Changing the Tide in the Region
When 19-year-old Adrianna became pregnant, she didn’t understand what had happened. “My boyfriend said he was taking care of himself,” she explains. Adrianna, who lives in the Victor Gonzales squatter settlement in El Callao, Peru, with her 11-month-old son and five other relatives, hadn’t received any sexuality education. She knew what a condom was, but not how to use it. “I would have liked the school to teach girls about sexuality, how to protect ourselves, avoid infections, and avoid surprises later,” she says.
The rate of teen pregnancy in Latin America and the Caribbean is one of the highest in the world, just below sub-Saharan Africa. In our region, nearly 40% of women become pregnant before age 20 and almost 20% of births are to teens.

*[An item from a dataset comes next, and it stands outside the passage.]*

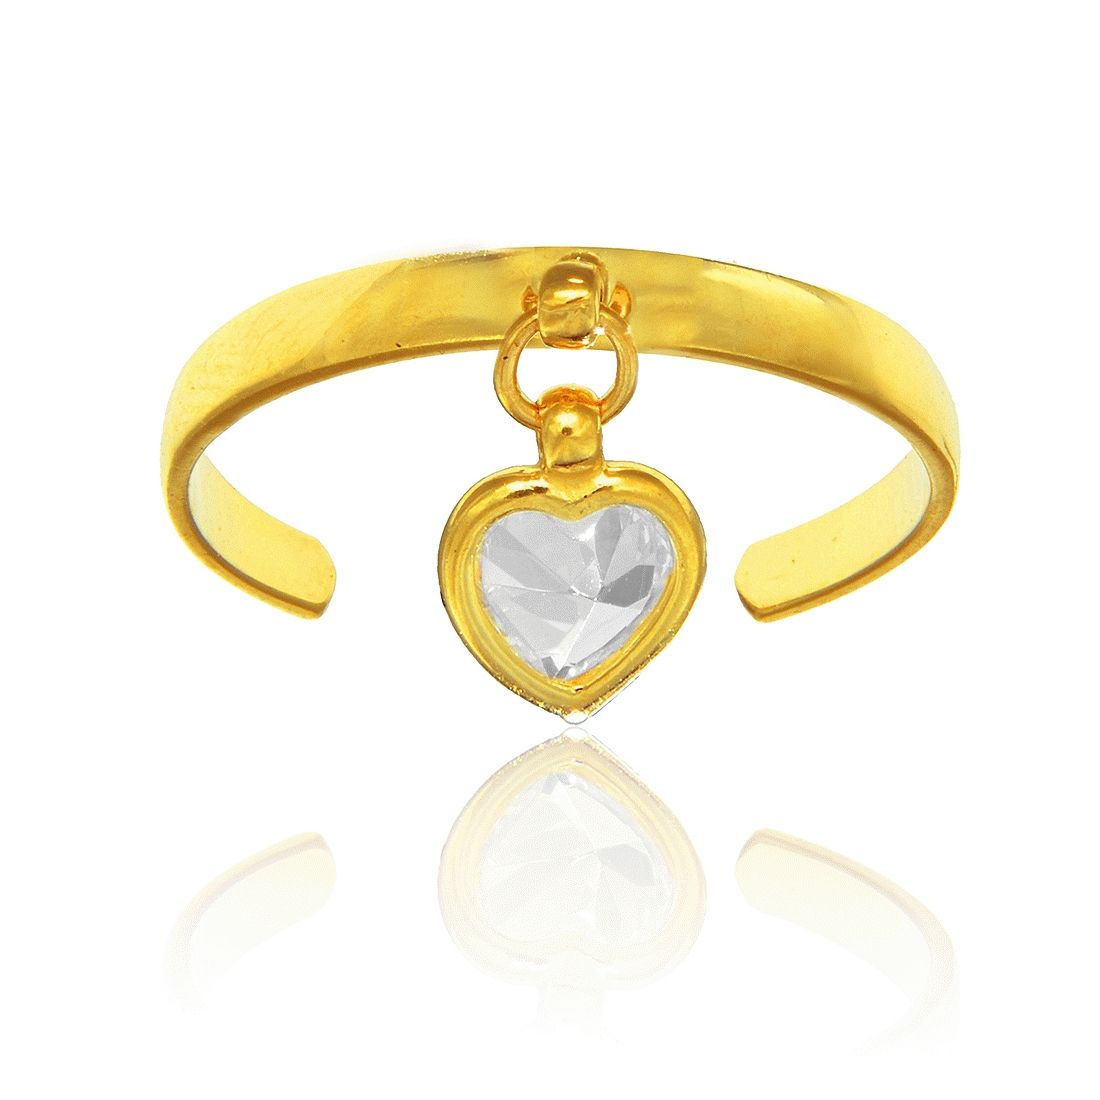 14k Yellow Gold Cz Dangle Heart Toe Ring Adjustable Regarding Most Current Heart Toe Rings (View 7 of 15)

Evidence shows that comprehensive sexuality education programs can help young people prevent unintended pregnancies while supporting healthy sexual development and well-being. That’s why we invest in these programs. Comprehensive sexuality education not only provides young people with accurate information about their rights and their bodies, it also empowers them to build respectful relationships and make their own decisions.

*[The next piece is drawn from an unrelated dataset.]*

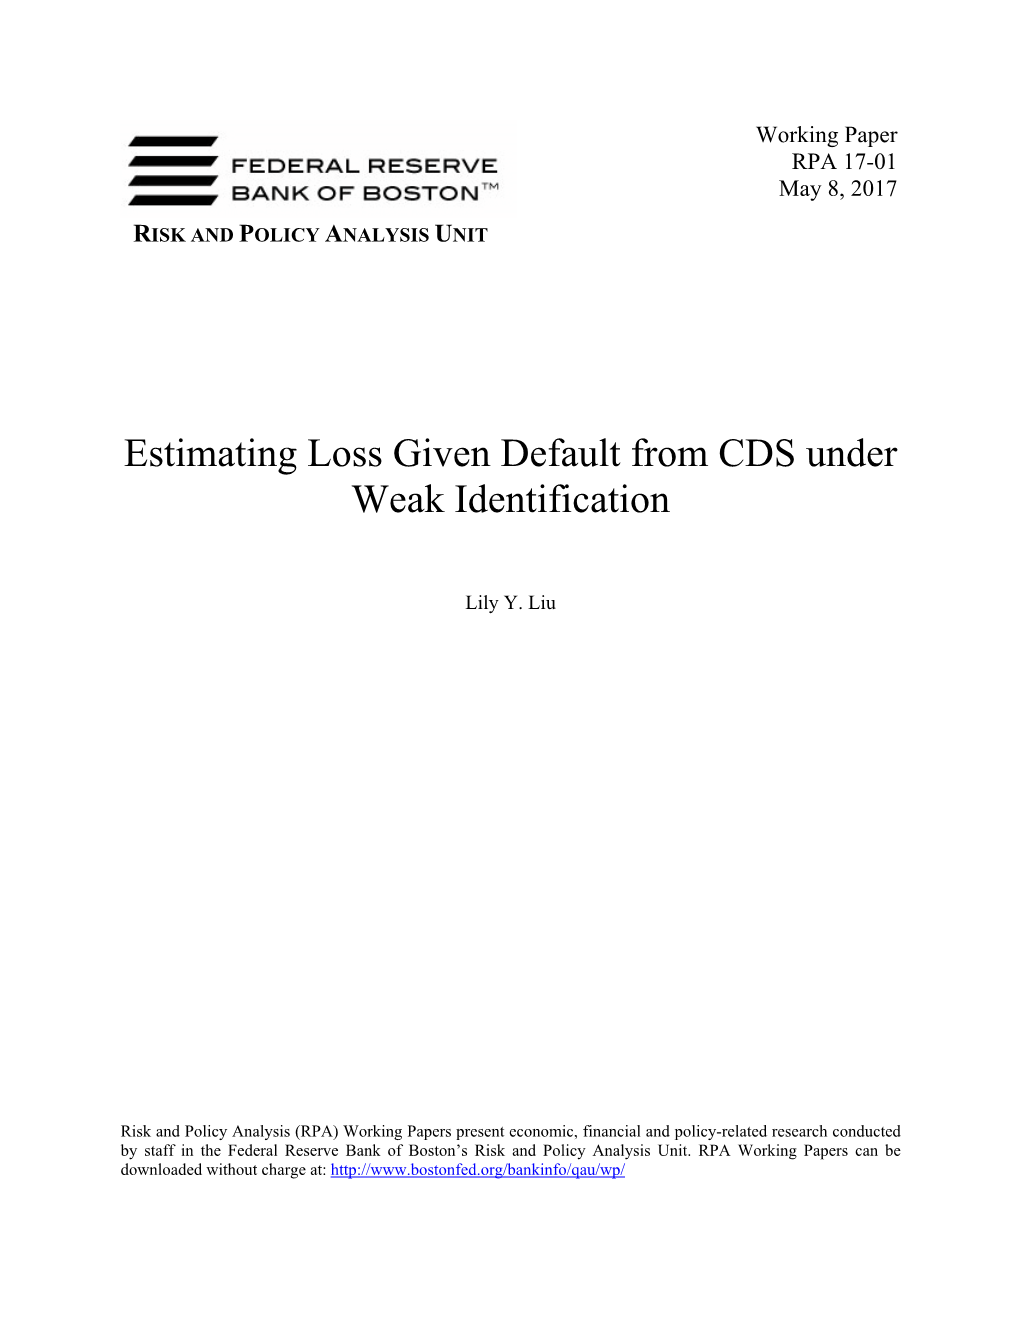 Estimating Loss Given Default from CDS Under Weak Identification

Yet even in Latin America and the Caribbean—where sexuality education remains out of reach for many young people—there is hope. Our strong network of experienced advocates and Member Associations will not retreat until all young people have access to comprehensive sexuality education. Recently, our Member Associations have played a key role in two notable wins: Costa Rica adopted a national sexuality education program for the first time in history and Guatemala began a similar program in nine regions of the country.
These victories are part of a changing political tide in the region, but more work needs to be done to ensure that all individuals can access basic and necessary health services and information.